Её силы были подорваны, и Феликс понимал это. Вид её прелестного личика, искажённого страданием и страхом, вызывал у него приступы самобичевания. Он не разрешил ей встречать его вечером у Гевандхауза, но не мог запретить ей, полузамерзшей и осунувшейся, ждать его у дороги.

   — Силетт, моя бедная Силетт, — пробормотал он однажды, когда подсаживал Сесиль на сиденье экипажа и закутывал её плечи в свой плащ, — что я сделал с тобой! Я не должен был никогда втягивать тебя в это дело.

Она подняла на него голубые глаза.

   — Я бы стала ненавидеть себя, если бы ты этого не сделал, — сказала она, улыбаясь, с любовью и облегчением оттого, что по крайней мере на несколько часов он был в безопасности и она находилась в его объятиях.

Так прошла неделя, показавшаяся им вечностью.
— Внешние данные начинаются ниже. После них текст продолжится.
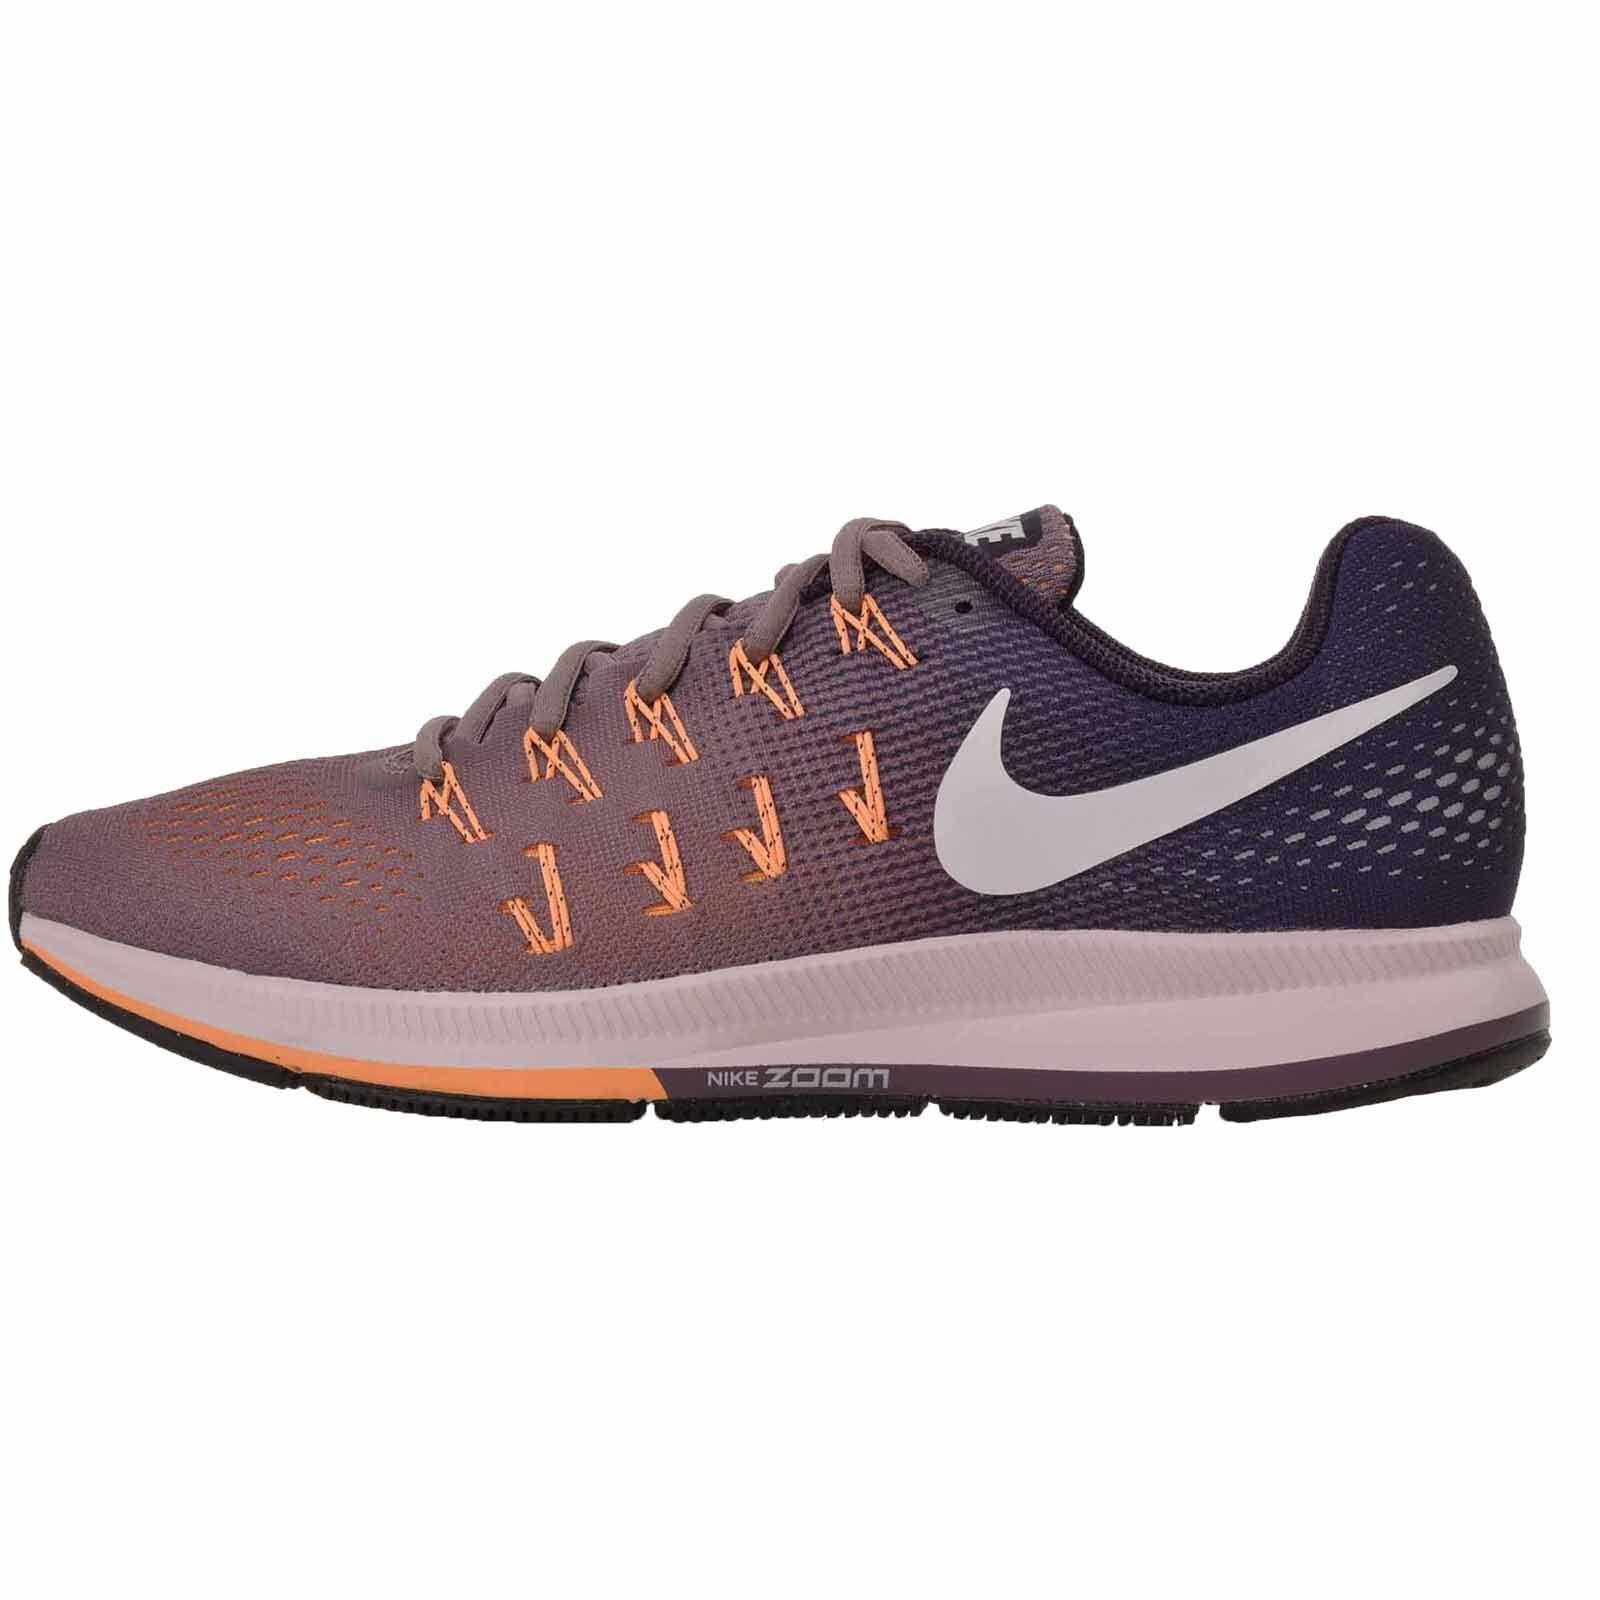 Nike Wmns Zoom Air Zoom Wmns Pegasus 33 corriendo los zapatos de los Mujer humo púrpura 831356-500 el último descuento zapatos para hombres y mujeres da342d

Ледяной февральский ветер не унимался. Он всё дул и дул долгими, свистящими, сводящими с ума порывами на усыпанные снегом крыши фермы, прорываясь сквозь голые деревья, расшатывая ставни, наметая снежные сугробы под двери, гудя в печных трубах в бессмысленной, монотонной ярости.

Вечерние репетиции всё ещё проводились, но на певцов напало угрюмое беспокойство. Почему они всё ещё продолжали приходить, было для Феликса загадкой. Их вера иссякла, они знали, что «предприятие» обречено на неудачу, раскачиваясь, как смертельно подрубленное дерево перед тем, как упасть. Однако они приходили из какой-то непонятной преданности, которую не могли объяснить самим себе, как солдаты, собирающиеся вокруг генерала, который вёл их к поражению.

Их чувства по отношению к Феликсу были сложными. На самом деле им было всё равно, что произошло в Дрездене. Если его жена была согласна простить и забыть, они были готовы сделать то же. Несомненно, он был жертвой заговора, и им было его жалко. Но жертвы не побеждают, а навлекают несчастья на головы их последователей. С болью в сердце они решили, что ошиблись, поверив в него. Когда придёт возмездие, оно тяжелее всего ударит по ним. Они боялись, и, поскольку больше не верили в окончательный успех, их исполнение ухудшилось. Ожидая роспуска, они больше не старались.

Уныние повисло над репетиционным залом, всего несколько дней назад бывшим таким оживлённым.